Rob Hummel (Group 47) talked about a more stable, low-cost, environmental-friendly, “visually readable” storage technology: DOTS. As opposed to what you might think, this technology is not new — it was developed and tested by Eastman Kodak. DOTS stores information on a polyester base covered with a metallic alloy that reacts to the heat of a laser. Information can be read with a camera and it can contain digital information, but also text and images if desired.
Peter Kazansky (U. of Southampton/Microsoft) introduced a new method of optical storage on quartz glass which will be able to store about 1TB of data in a volume equivalent to a DVD disc. Project Silica has developed this technology with the cloud in mind and the great advantages of this medium are durability and writing speed.

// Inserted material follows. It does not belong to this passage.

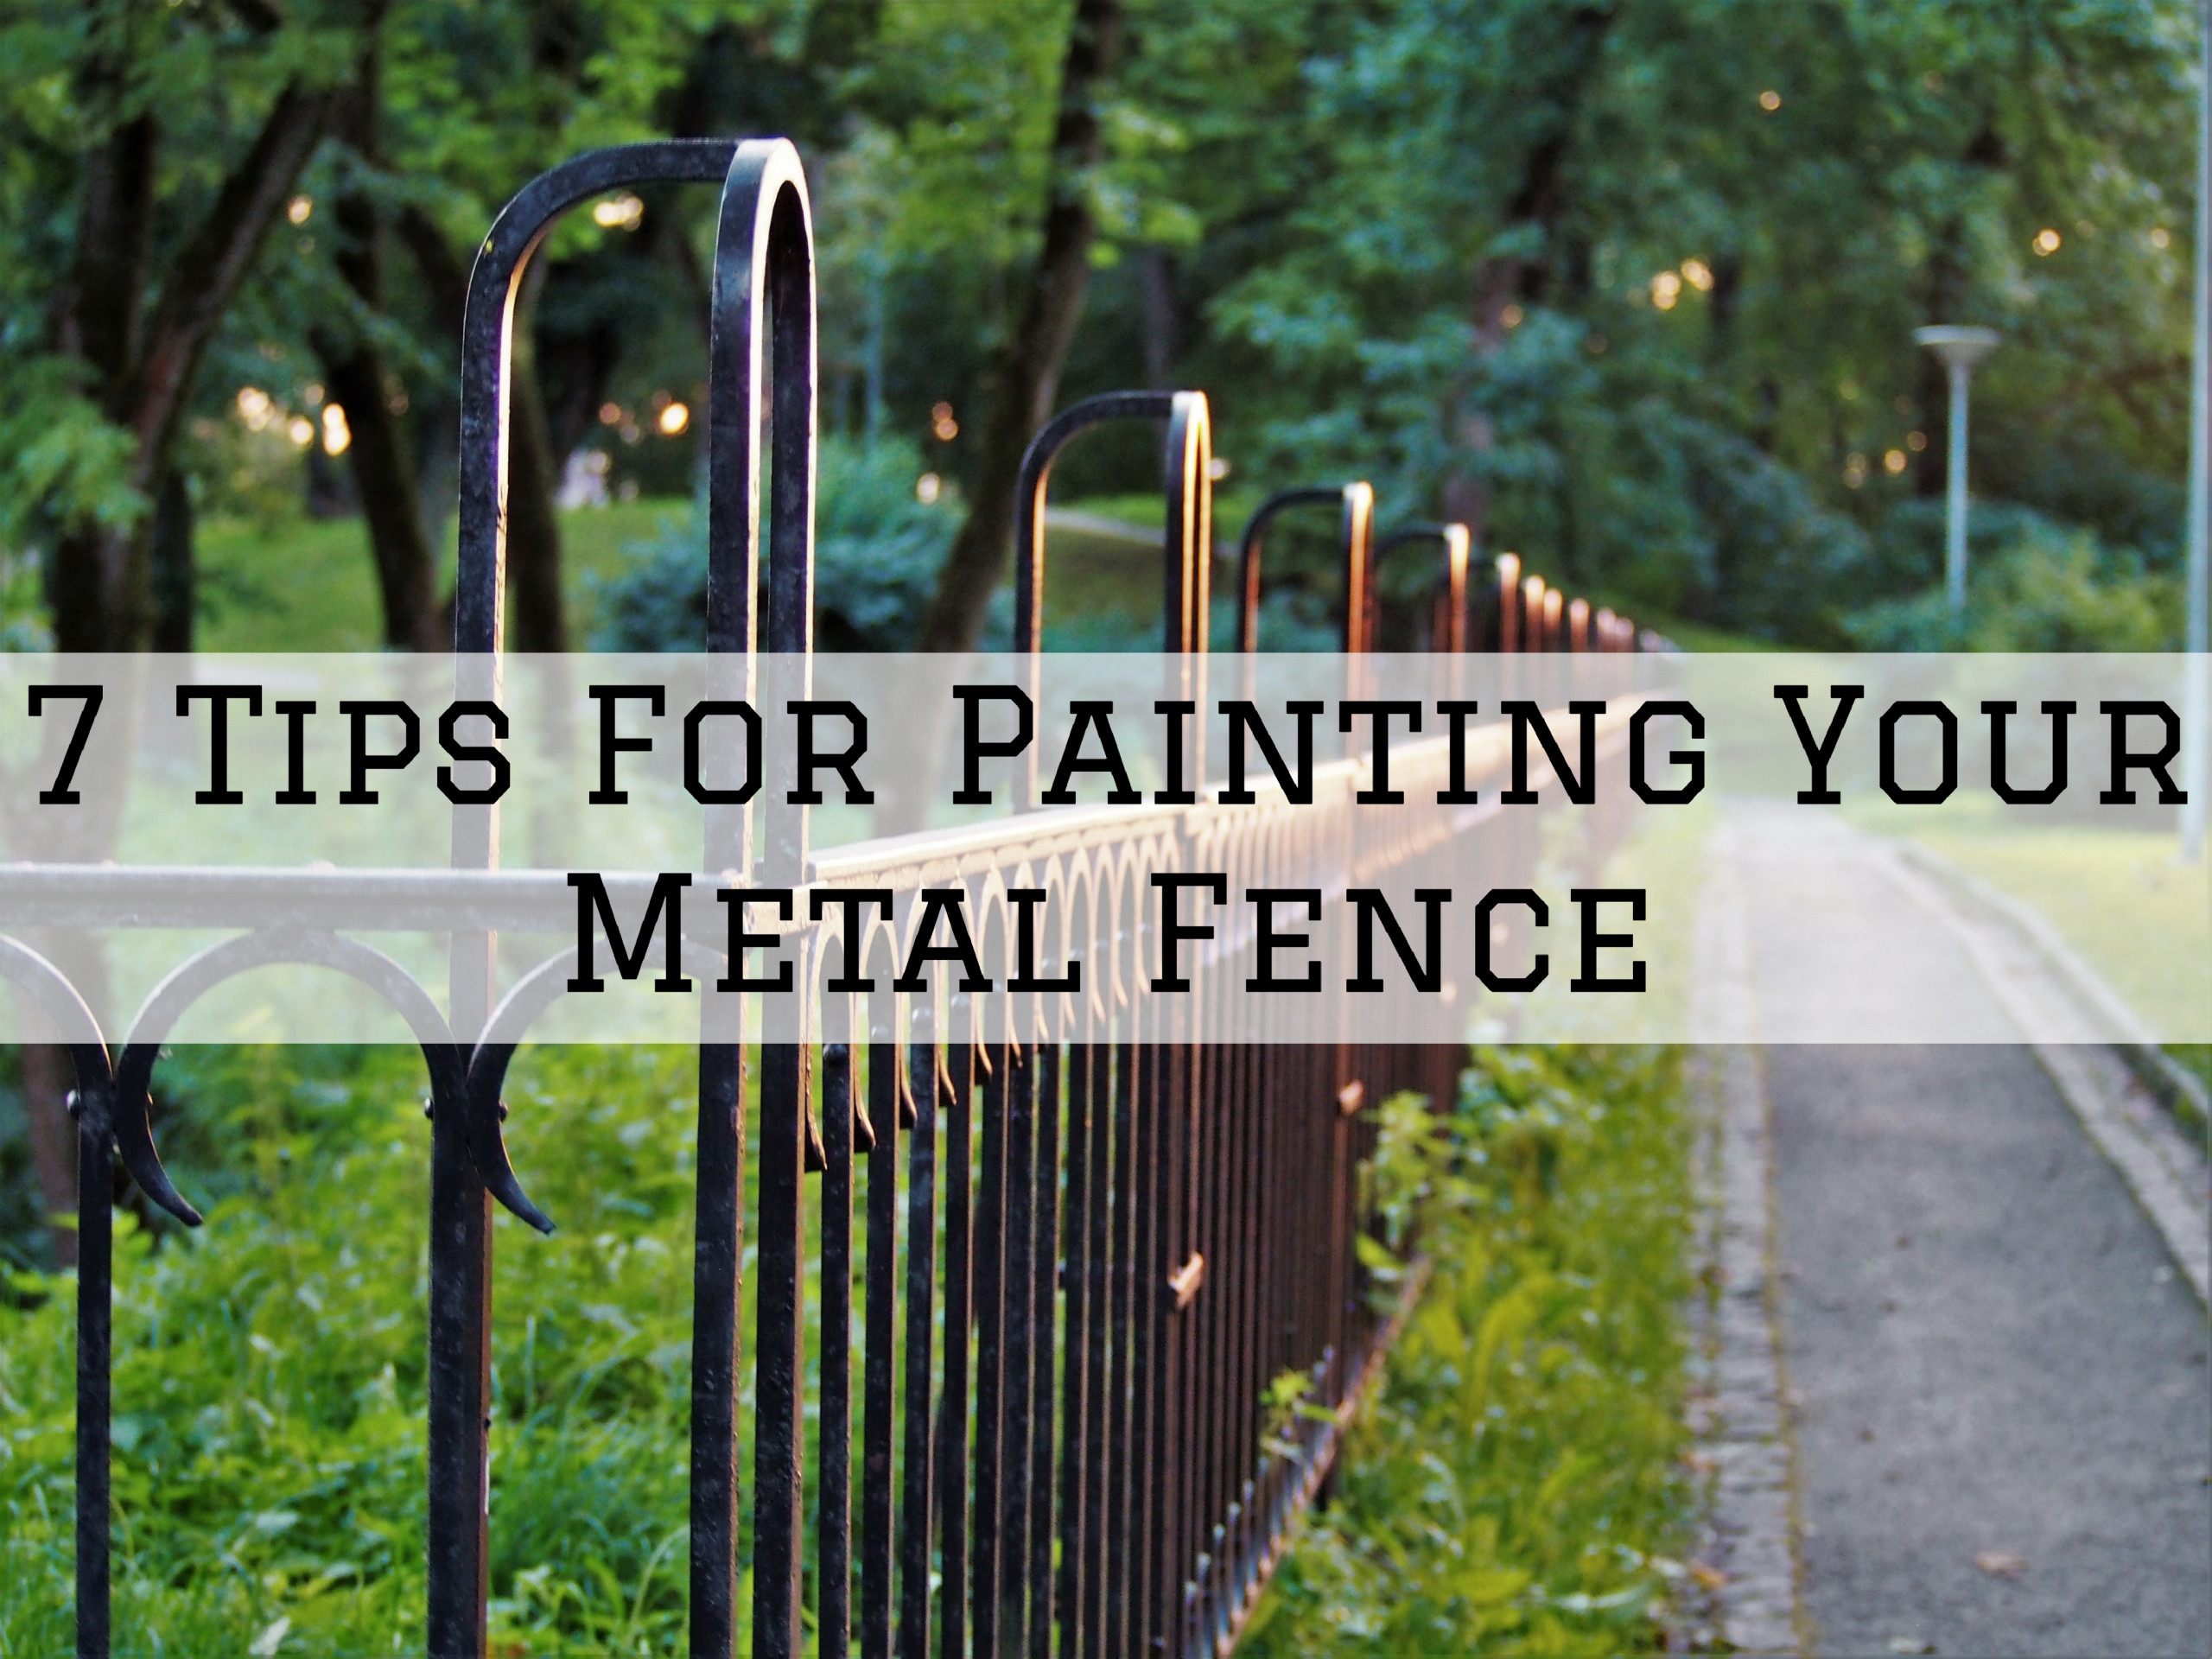 28-06-2021 Steves Quality Painting And Washing Princeton WI tips for painting a metal fence

You have heard about DNA storage, for sure. One of the main benefits of this technique is its high density and stability, however, its costs and writing speed are still issues to tackle. Devin Leake (Catalog) spoke about the advances they have made in this area; they claimed the possibility to store up to 10 exabits/cm3 of data, however, it costs about USD $1 million at about 3.7 kb/s to store 200MB. Karin Strauss (University of Washington - Microsoft) showed advances in the creation of a prototype to read back information using microfluidics in order to build “DNA Libraries”. Search and retrieval could take about 1.5 hours and although it fully supports read-write, automation of the processes is still in development. You can also be part of this project! The #MemoriesInDNA project are looking to collect 10,000 images to store on DNA.
So, DNA, we are not quite there yet. One interesting question that came up was related to data interoperability with DNA, if many organizations are working on these prototypes, how viable is interoperability? According to Devin and Karin, this is an encoder/decoder issue; as long as the system knows how the data was stored, it will be able to read it. So, we can only hope that these codification schemas remain open, for the benefit of the users.
Back to planet earth - a useful resource
The meeting concluded with a revision of the Digital Preservation Storage Criteria, a list of topics and relevant considerations that can help any organization in the initial planning of digital storage for preservation. It was highlighted that these are not by any means a set of requirements, but just a reference list to help in the process of thinking about digital storage.
Now that you are back from this reverie, you can go back and continue uploading files to the cloud. I hope I was able to answer some of your questions and also plant some more thoughts and questions on your mind!